Por outro lado, namoro e noivado constituem o período de avaliação do pretendente e não devem ser considerados definitivos. Sobre isso aconselha Ellen White: “Mesmo que você tenha chegado ao noivado sem pleno conhecimento do caráter da pessoa com quem pretende se unir, não pense que o noivado constitua uma obrigação de chegar até os votos matrimoniais e se unir por toda a vida a alguém que não possa amar e respeitar. Tenha muito cuidado antes de noivar. Porém, é melhor, muito melhor, romper com o noivado antes do casamento do que se separar depois, como muitos fazem” (Só Para Jovens, p. 87). Se o namoro e o noivado forem vivenciados da forma certa, inclusive interrompidos se necessário, a visão bíblica sobre a perenidade do casamento tenderá a prevalecer na mente de quem assim se comporta. E isso evitará muitos problemas de ordem familiar.

No filme À Prova de Fogo, o personagem Michael tenta explicar o sentido do casamento para seu colega bombeiro Caleb, que está prestes a se separar da esposa. Michael pega os vidros de sal e pimenta sobre a mesa e diz: “Sal e pimenta são completamente diferentes […], mas você sempre os vê juntos.” Então ele cola os dois vidros com uma espécie de Super Bonder. “O que está fazendo?”, pergunta Caleb. Depois de conversarem mais um pouco, Caleb tenta separar os vidros de sal e pimenta, mas Michael diz: “Não faça isso. Se você os separar, vai quebrar um dos vidros ou os dois.” A cola havia feito os dois se tornarem um.

É isso que Deus faz quando um homem e uma mulher se casam. Eles são “colados” com sua bênção. A não ser pelo triste motivo da infidelidade matrimonial, ninguém está autorizado a separar o que foi unido no altar. Quando isso é feito, sempre há sofrimento para o casal e os filhos. Não há dúvida de que a graça de Deus pode curar feridas; porém, as cicatrizes ficam.

Por isso, antes de casar, é preciso estar ciente de que o casamento é eterno e que é um passo que não pode ser dado de qualquer jeito. Ellen White escreveu: “Se homens e mulheres têm o hábito de orar duas vezes ao dia antes de pensar em casamento, devem fazer isso quatro vezes ao dia quando pensam em dar esse passo” (Só Para Jovens, p. 93).

Os jovens que desejam fazer o certo em relação ao namoro, noivado e casamento devem ouvir a voz divina lhes perguntando sobre seus pretendentes: “A maior manifestação do seu amor é para aquele que morreu por vocês? Se for assim, o amor de um para com o outro será de acordo com o plano do Céu” (Testemunhos Para a Igreja, v. 7, p. 46). Só quem ama a Deus acima de todas as coisas está pronto para amar o cônjuge para sempre.

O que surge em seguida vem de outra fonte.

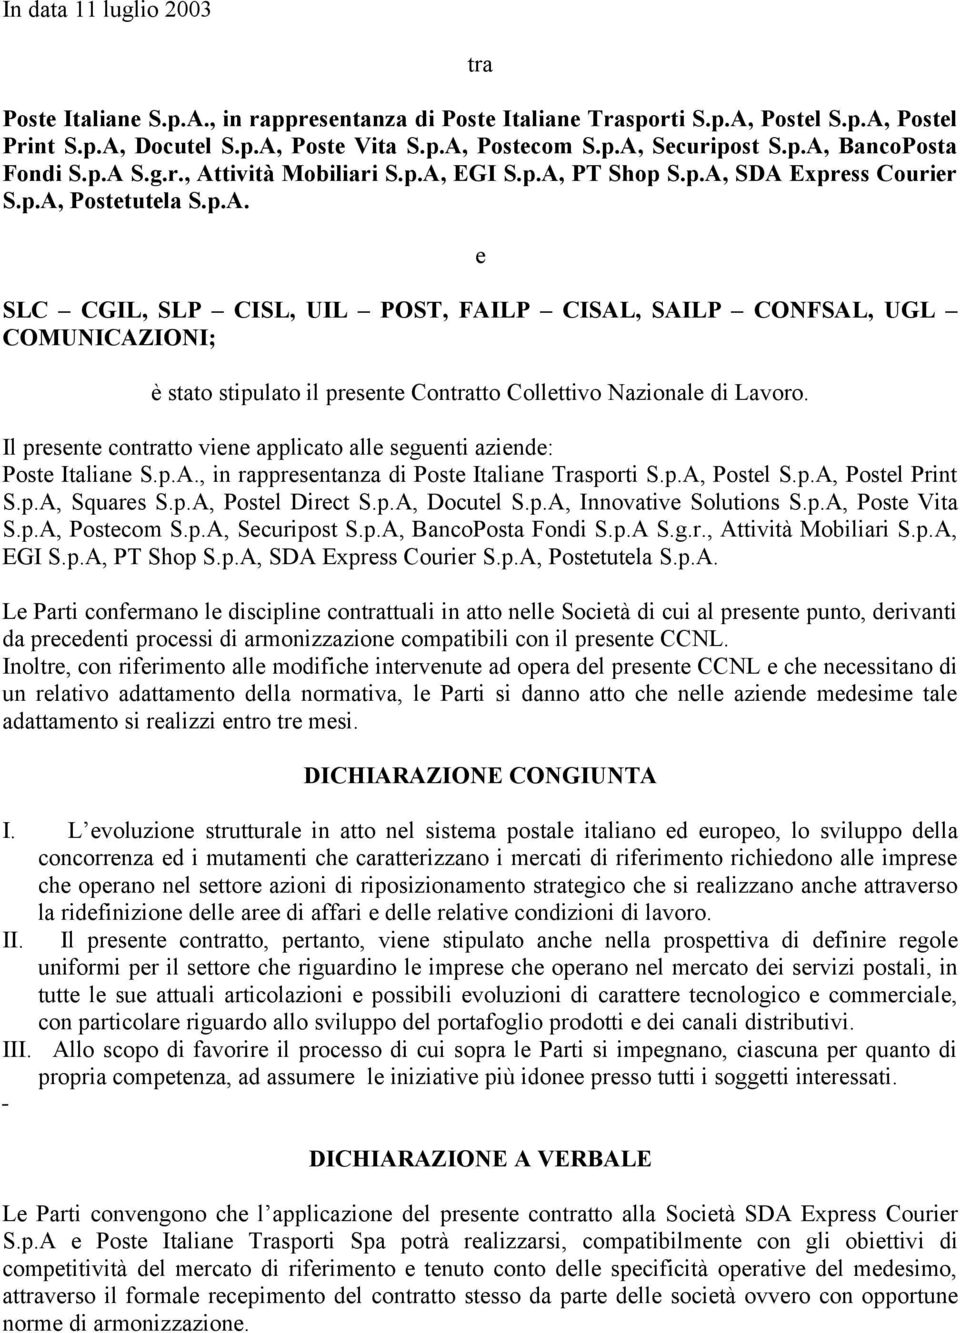 Il presente contratto viene applicato alle seguenti aziende: Poste Italiane S.p.A., in rappresentanza di Poste Italiane Trasporti S.p.A, Postel S.p.A, Postel Print S.p.A, Squares S.p.A, Postel Direct S.

A fim de reforçar sua convicção, o jovem cristão deve fazer a si mesmo as seguintes perguntas: “Essa união me ajudará a alcançar o Céu? Aumentará meu amor a Deus? E ampliará minha esfera de utilidade nesta vida? Se essas reflexões não apresentarem nada em contrário, então prossiga no temor a Deus” (Só Para Jovens, p. 87). Quem procura alguém como companhia na viagem para o Céu e deseja crescer na vida precisa se desviar de relacionamentos em jugo desigual. Sobre isso, a revelação é taxativa: “Unir-se a um descrente é colocar-se no terreno de Satanás. [...] Satanás sabe bem que o dia do casamento de muitos rapazes e moças marca o fim da história de sua experiência e utilidade cristãs” (ibid., p. 82, 89).

O “namoro” de Adão e Eva foi iluminado com a bênção da presença de Deus. Todo jovem cristão pode contar também com a clareza das orientações divinas e, assim, experimentar a alegria real e infinita de um grande amor.